Софья Андреевна со злобой рассказывала об этом однажды при мне старушке-родственнице Варваре Валерьяновне Нагорновой:
– Была я у этого идиота, Аристида Аристидыча, у Кассо… Лев Аристидыч его зовут. Жаловалась. А он отвернул свою поганую морду: «Пускай докажут, что я плохой юрист!»
– Что, он – грек, должно быть? – робко осведомилась смиренница Варвара Валерьяновна.
– Черт его знает!.. Цыган какой-то.
Л. А. Кассо был в прошлом профессором Московского университета, а затем, перед назначением в министры, директором основанного знаменитым в свое время публицистом-консерватором М. Н. Катковым московского лицея цесаревича Николая, где обучалась богатая молодежь из дворянских и буржуазных семей.
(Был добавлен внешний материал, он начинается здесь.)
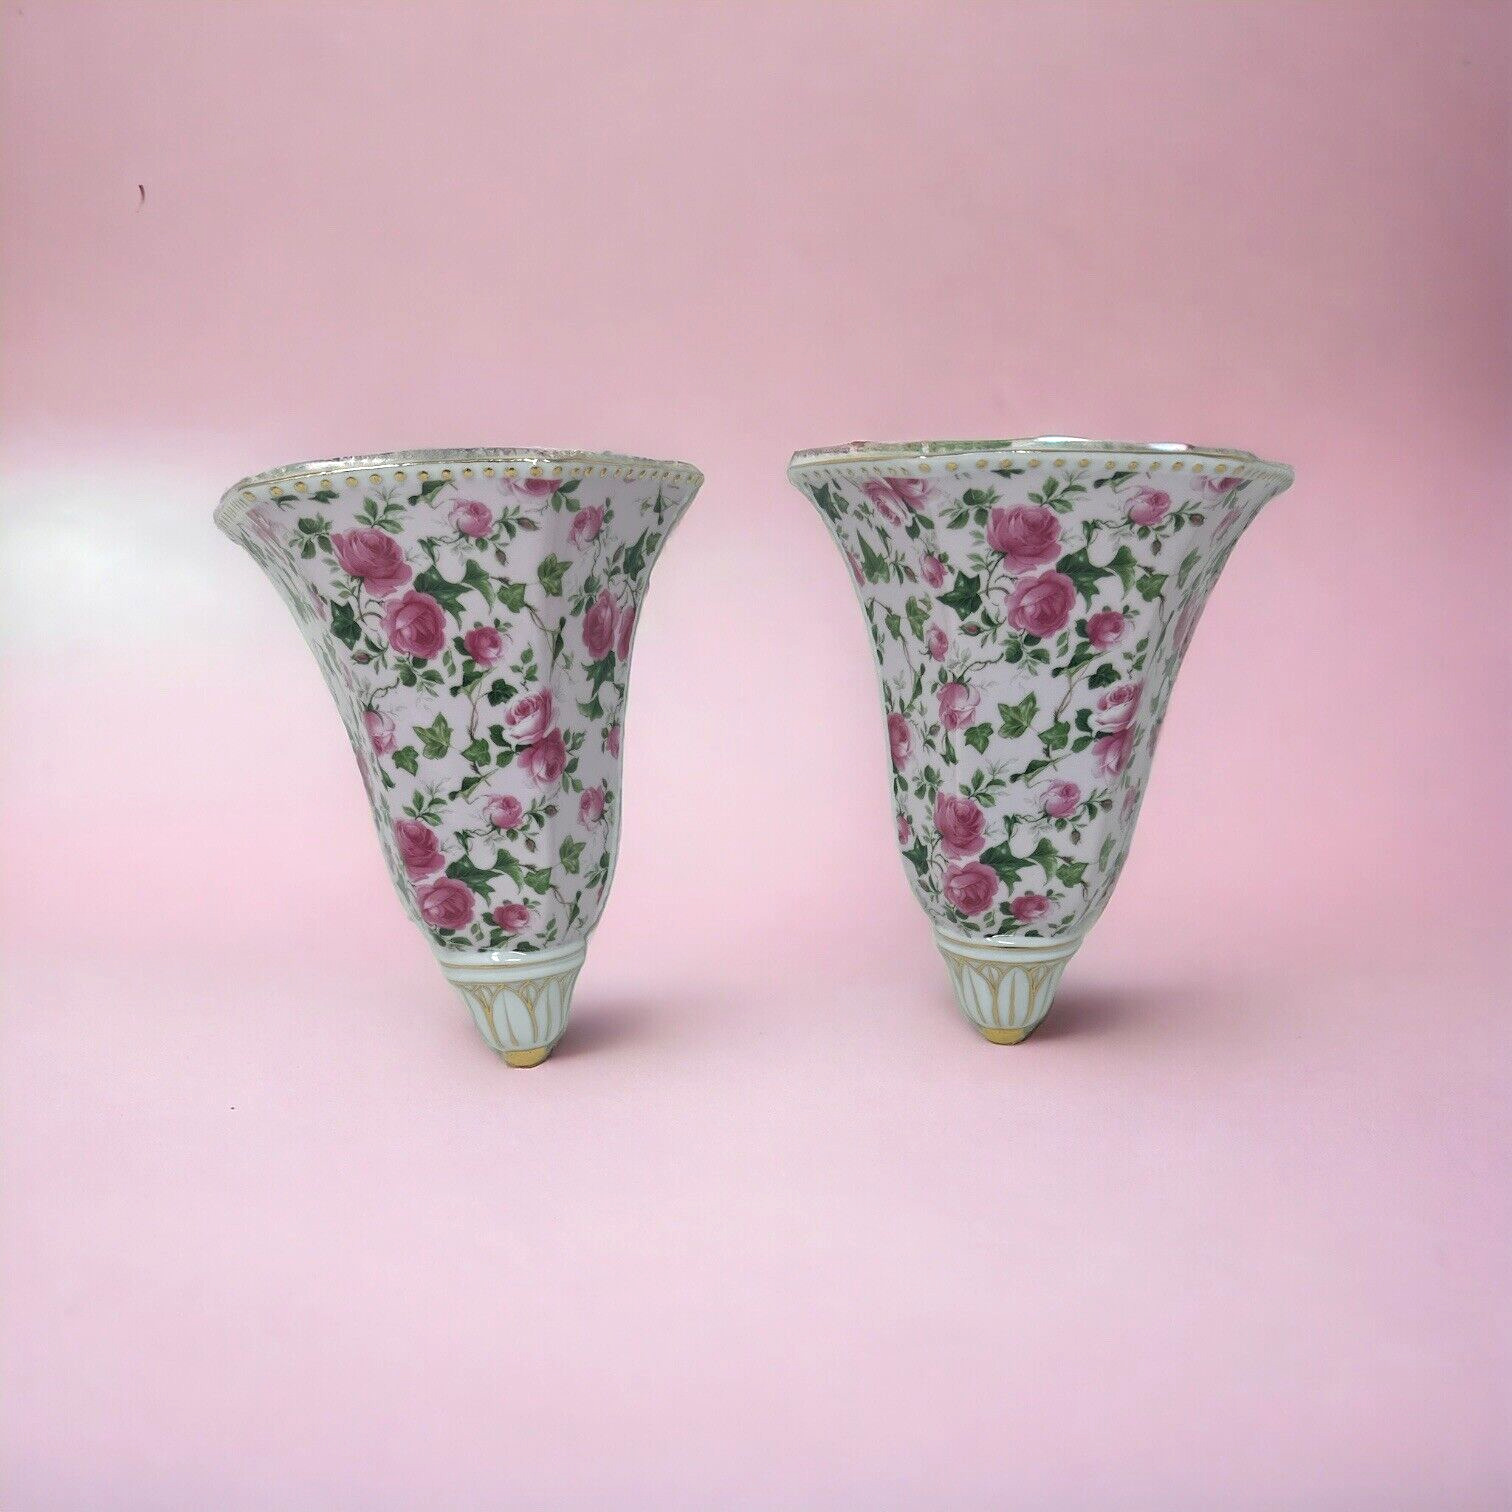 Formalities Baum Bros Wall Pocket Vases Victorian Rose Chintz Porcelain Set of 2
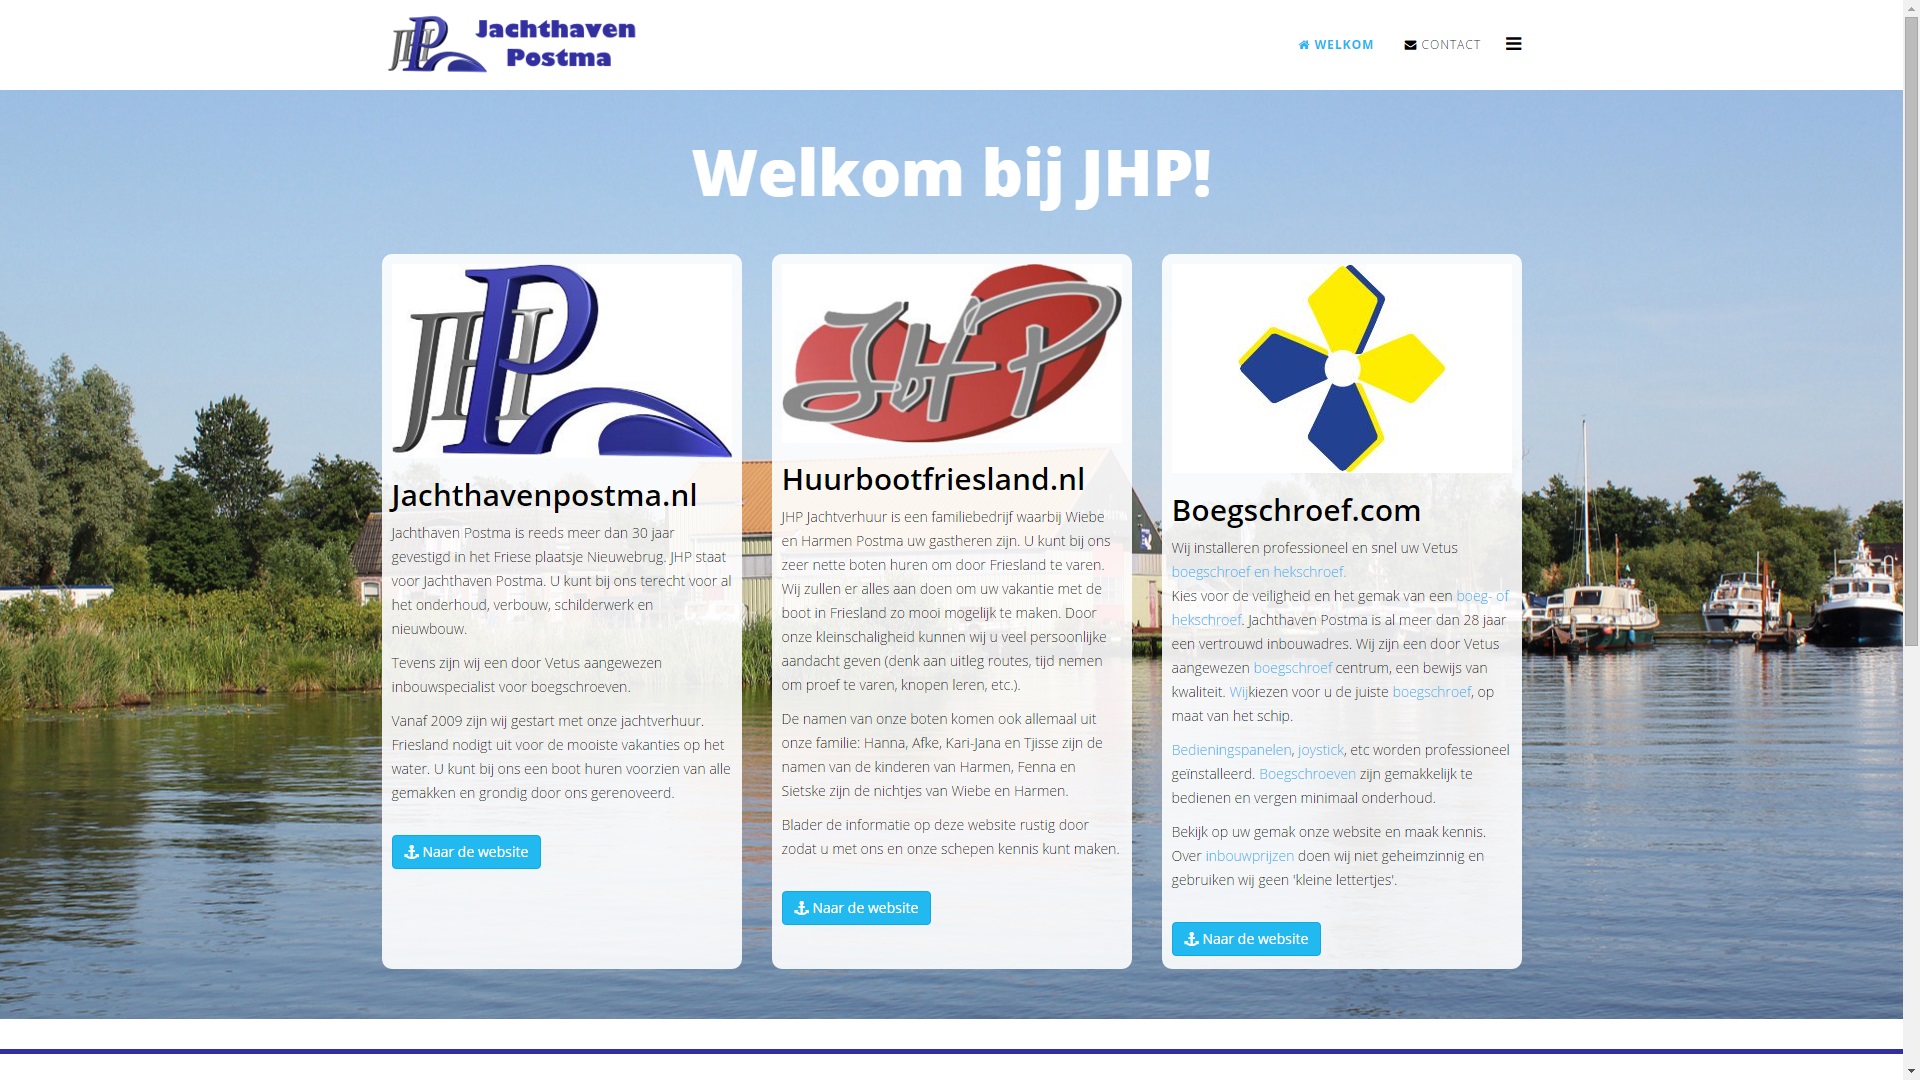 (c) Jachthavenpostma.nl

Так как Московский Исторический музей решил временно, до окончания спора между наследниками Толстого, не выдавать рукописей и А. Л. Толстой, то последняя, с своей стороны, обратилась с «всеподданейшим» ходатайством о выдаче рукописей к царю. Царь, или те, кто стоял за ним, предложили матери и дочери покончить дело миролюбивым соглашением или третейским разбирательством. К миру между Чертковым, действовавшим за спиной Александры Львовны, и С. А. Толстой дойти, конечно, не могло. От третейского разбирательства Софья Андреевна отказалась, выступив теперь с новой жалобой, уже на министра Кассо, перед 3-м департаментом Сената. Чертков кинулся «обрабатывать» сенаторов, посещая каждого из них в отдельности и снабжая их обличительными материалами о Софье Андреевне. И это был тот самый человек, который, «не желая иметь дело с правительством», отказался в свое время продолжать «Посредник», как отказывался и от издания подцензурного журнала!.. Комично читать в объяснениях Александры Львовны (то есть Черткова), данных Сенату, ссылки на «Монаршию волю» и на «резолюцию государя императора»! Куда только девался чертковский анархизм!.. Конечно, составлялись все бумаги адвокатами, но подписывались все-таки наследниками Толстого.